Non-pulley models have evolved from the "shortest path model" to what we call the "traditional model":
1. The shortest path model supposes EOMs to be constrained only at points of origin and insertion.^3,4 This oldest model allows the muscle to assume any "angle of departure" from its insertion, predicts catastrophic, uncontrollable muscle "flipping," and is obviously incorrect.⁵
2. The permitted sideslip model is a modification of the shortest path model that reduces the instabilities of the shortest path model using a mathematical trick, a geometric "cosine" factor that is admittedly non-physiologic.⁵
3. The most viable non-pulley model is the traditional model of Miller and Robinson,⁶ which treats the effects of muscle tension on sideslipping and tendon width on muscle action in physiologically plausible ways. It is generally considered to have rendered preceding non-pulley models obsolete.

Standing against these developments, the non-pulley model Lee et al. choose to compare with their data is principally a "(restricted) shortest path model" that lies somewhere between models "1" and "2," above.
Pulley models too have evolved: the original "passive" model² and the subsequent "strong differential" model⁷ have both yielded to the current, well-supported, "coordinated" model.^7-9 In Figure 1 we schematize the original passive pulley model and the currently accepted coordinated pulley model.
The pulley model Lee et al. favor for comparison with their data is none of these. Instead they evaluate a rigid, localized pulley model no one had previously proposed.
Which models would have made more reasonable choices? The "traditional model"⁶ is certainly the most realistic of the non-pulley models. It supposes that muscles are constrained by musculo-global connective tissue bands that function like distributed springs along the muscle's arc of contact with the globe.⁶ Imagine the forces at play in the left column of Figure 1 as the eye elevates. The anterior path of this horizontal muscle is shaped by elastic connective tissues that tend to hold it to its primary position arc of contact with the globe, and opposing forces related to muscle tension that tend to pull it towards the top of the globe, to where the muscle would follow the shortest path from insertion to origin. The path that results from the balance of these forces may allow the posterior muscle belly to move slightly upwards in the orbit as the eye elevates. Such orbit-relative movement of the muscle belly is called sideslip.

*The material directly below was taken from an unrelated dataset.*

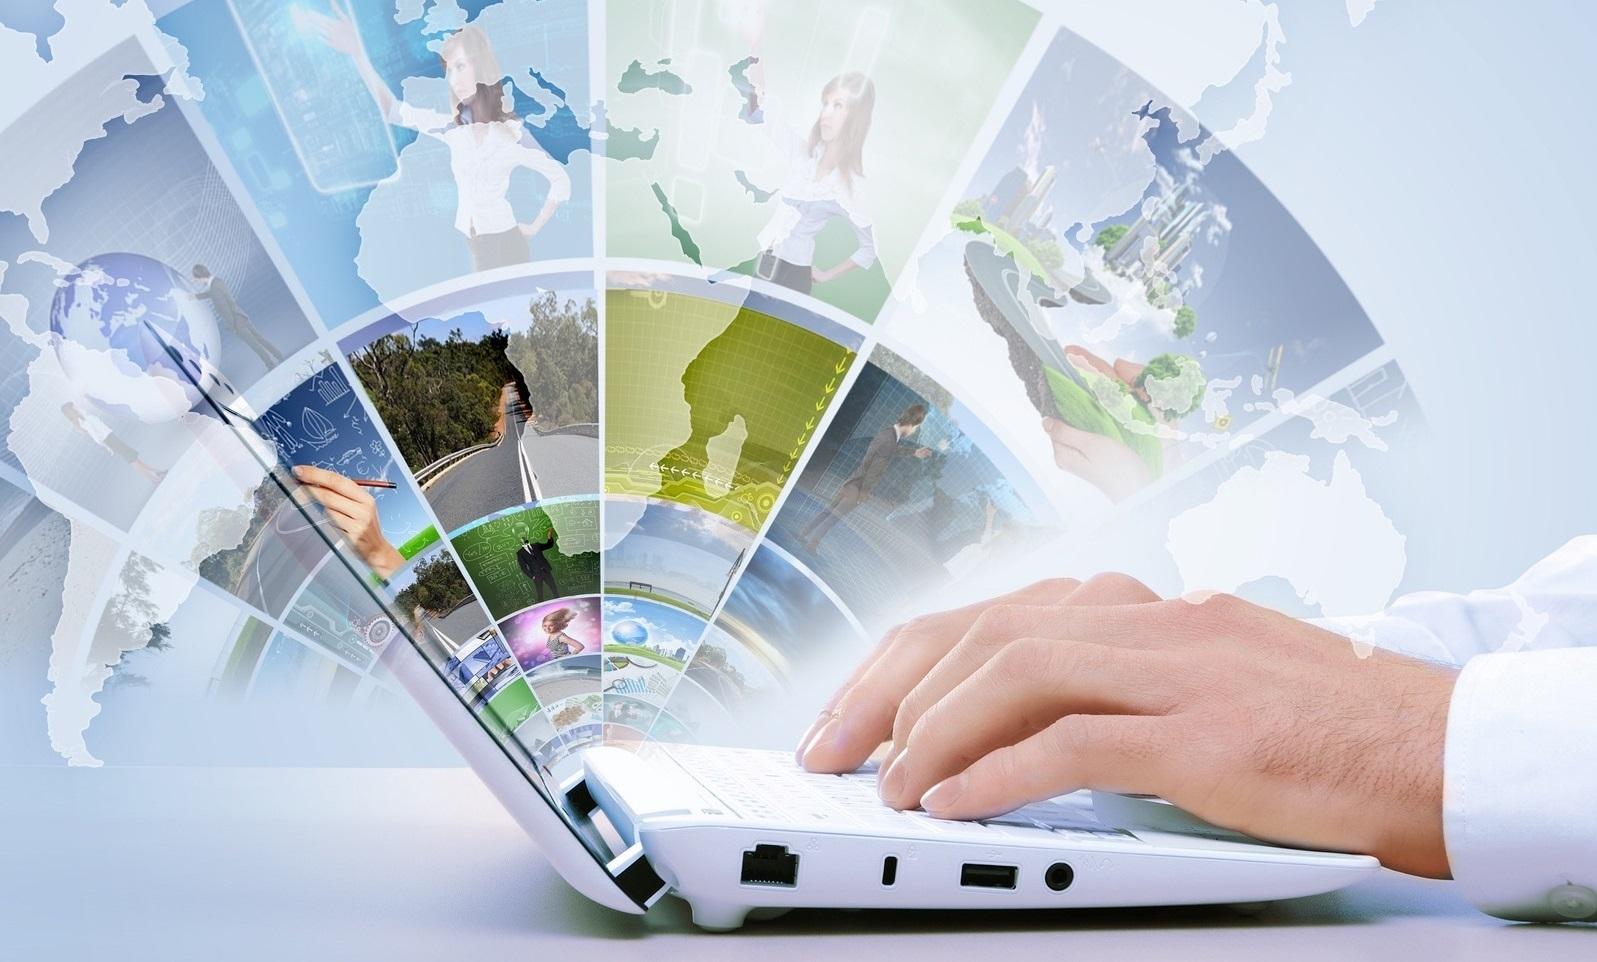 576594 ruki hi tech karta internet tehnologii noutbuk 3000x2250 www.GdeFon.ru  - Контент менеджер удаленно: что нужно знать?

Figure 2. The angle between anterior and posterior muscle segments determines the force that moves an elastically suspended pulley transversely. The pulley is shown as a small blue circle for diagrammatic purposes.

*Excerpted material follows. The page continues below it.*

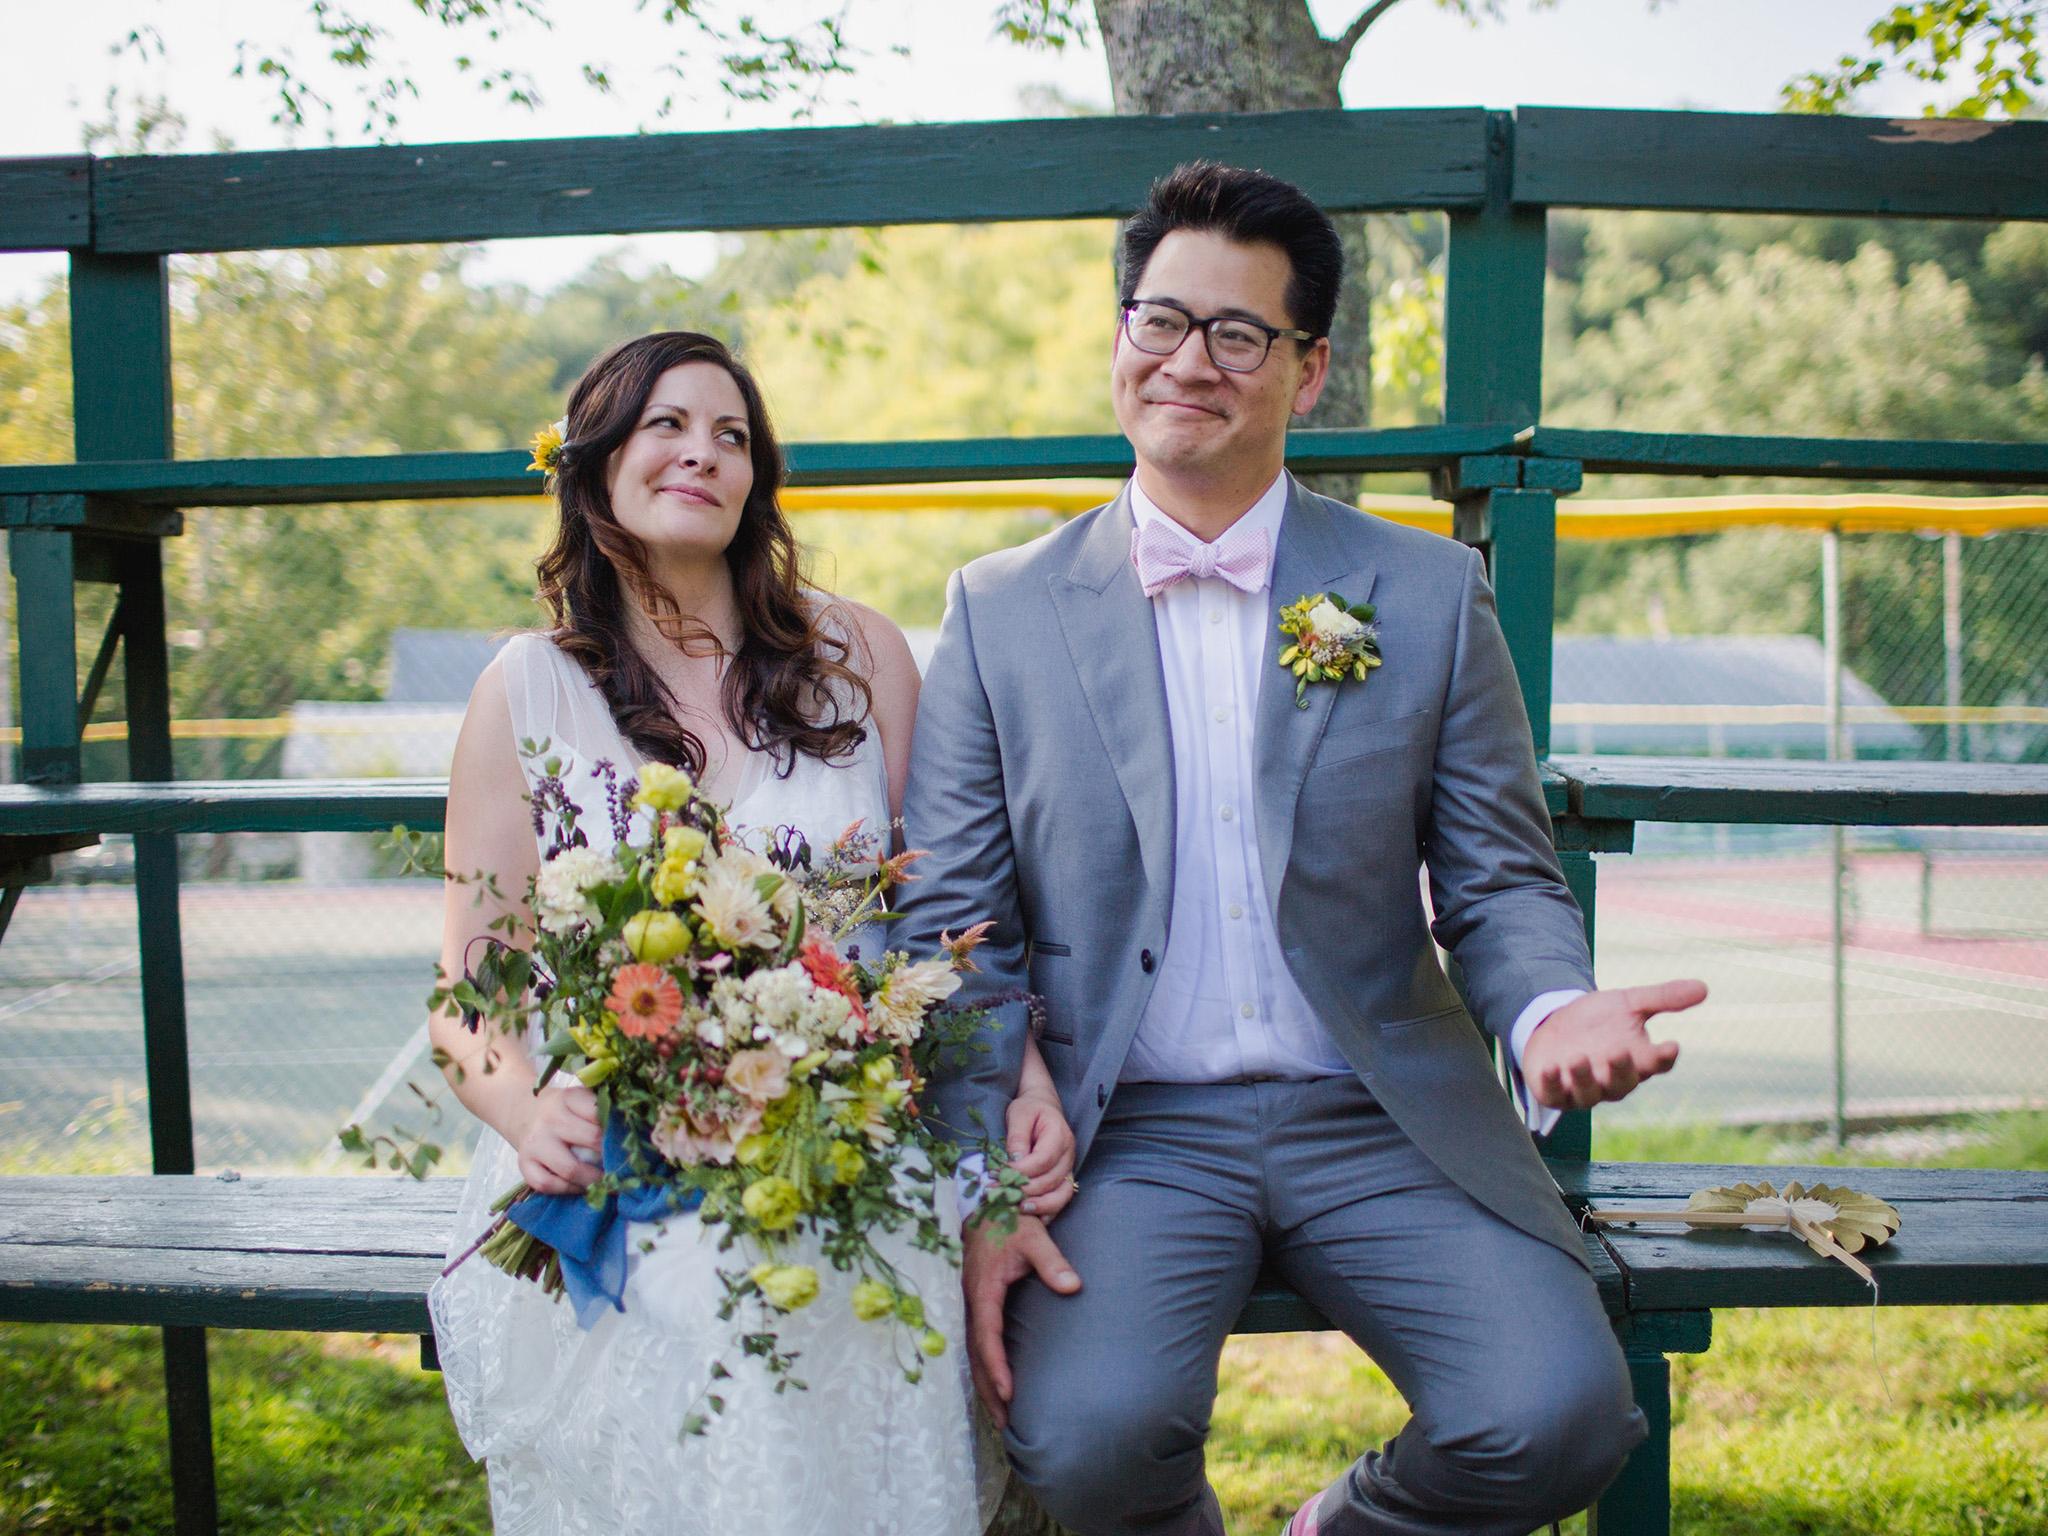 Heart-And-Dash-Camp-Wedding-Planner.jpg

Pulley Models, in contrast, suppose musculo-orbital coupling to be dominant, such as would exert transverse forces on the muscles and so determine their paths, while allowing them to contract and relax longitudinally (see center and right columns of Figure 1). The coordinated pulley model (right column) is currently the best supported, and differs from the passive pulley model (center column) in that its muscle origin-determining connective tissues are pulled longitudinally by the EOM passing through them (schematized by the small yellow lines connecting pulley sleeve and EOM in Fig. 1). For the rectus muscles, the musculo-orbital coupling is thought to consist of a spatially distributed matrix of elastic tissues: the reflected sleeves of Tenon's capsule (pulley "sleeves") and associated intermuscular and musculo-orbital connective tissue (pulley "suspensions"), stiffened by smooth muscle, and probably supplemented by fascially compartmentalized orbital fat. Muscle paths in a pulley model therefore result from a balance of musculo-orbital elasticities against shortest path sideslipping forces. As with non-pulley models, if stabilizing elasticities are weak, muscle tensions are high, or geometry determines that a large component of muscle tension acts in an appropriate direction (Fig. 2), the muscle sideslips towards its shortest path (upward in Figs. 1, 2).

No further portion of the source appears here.